Maar wellicht dat het essay van Rik Torfs ons hier verder kan helpen. Evenals in zijn boek ‘Wie gaat er dan de wereld redden?’ (2009) maakt hij hier het onderscheid tussen denken (activiteit, proces) en de gedachte (resultaat). Waugh heeft volgens Torfs een afgeronde levensvisie, en is daarmee fundamentalistisch. Waar Modiani blijft denken zou hij minder fundamentalistisch lijken te zijn, echter dit is slechts schijn. De voorkeur geven aan ‘blijven denken’ is immers ook (impliciet) een afgeronde, en daarmee fundamentalistische levensvisie. Zelfs de fervente aanhangers van het machtsvrije discours à la Habermas, op grond waarvan standpunten (fundamenten) respectvol uitgewisseld, aangepast of verrijkt zouden kunnen worden, gedragen zich in wezen fundamentalistisch , doordat ze dit standpunt aanhangen. Zoals Torfs stelt in navolging van Max Frisch, kun je moeilijk weten wanneer je meer gelijk hebt. Ook deze visie brengt ons uiteindelijk geen verdere inzichten in fundamentalisme.
Wellicht dat de ook door Torfs als ‘evolutiefundamentalist’ aangehaalde Dawkins hier uitkomst kan bieden met de door hem geïntroduceerde memen, de zichzelf vermenigvuldigende mentale constructies, die als het ware van brein naar brein springen, en die via natuurlijke selectie zichzelf op basis van toevallige mutaties steeds verder ontwikkelen, en zodoende hun kansen op overleving vergroten. Een simpel voorbeeld hiervan is de (gedachte aan) de ‘Vogeltjesdans’, alleen al door het woord hier te lezen, heeft (de eigen versie) van het deuntje, wellicht aangevuld met beelden van de bijpassende bewegingen zich weer vooraan in uw brein genesteld. . . Als een mem zich weet te nestelen in het brein van een ‘fundamentalist’ wordt de kans op overleving en vermenigvuldiging van dit mem groter. Dit zou een verklaring kunnen bieden voor het (voort)bestaan van intolerante variant van fundamentalisme, gegeven de eindige hoeveelheid breinen op deze aardbol, kan een mem zich niet onbeperkt verspreiden, en is er dus uiteindelijk slechts ruimte voor het mem dat het meest succesvol weet te overleven. Hierbij is het wellicht goed te beseffen dat ook dat ene overgebleven mem weer door toevallige mutaties zal veranderen in nog succesvollere varianten. Dit mechanisme impliceert dat er noodzakelijkerwijs altijd verschillende stromingen fundamentalisten tegenover elkaar zullen staan. Dat een sterk mem zijn drager zal aanzetten om zijn verspreiding (zelfs letterlijk) te vuur en te zwaard te realiseren is inherent aan deze visie, en dit verwerpelijk vinden is feitelijk ook fundamentalistisch binnen de definities die de Funditest hanteert, omdat het gestoeld is op de preferentie van de eigen morele waarheden.

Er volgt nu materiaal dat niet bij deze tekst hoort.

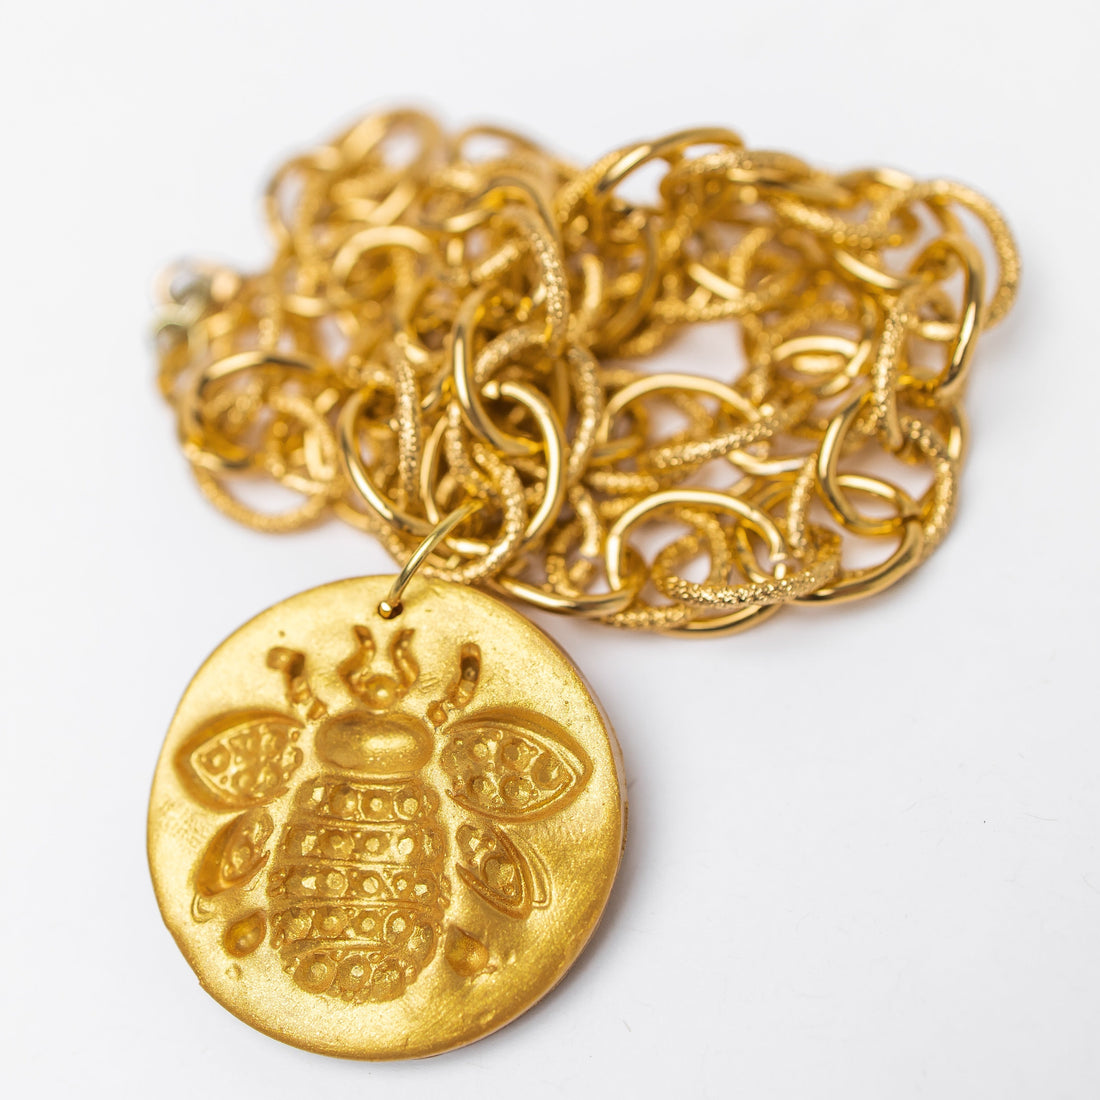 Gold Chain with Bee Medallion

Samenvattend kan dus gesteld worden dat fundamentalisme per definitie een gevolg is van het denken van de rationele mens. Het is bovendien noodzakelijk omdat het er voor zorgt dat steeds passender (als in: succesvol in het overleven in de omgeving) levensvisies zich zullen ontwikkelen, waardoor het denken steeds dichter in de buurt van het ‘fittest’ (als in: meest passend) zal komen.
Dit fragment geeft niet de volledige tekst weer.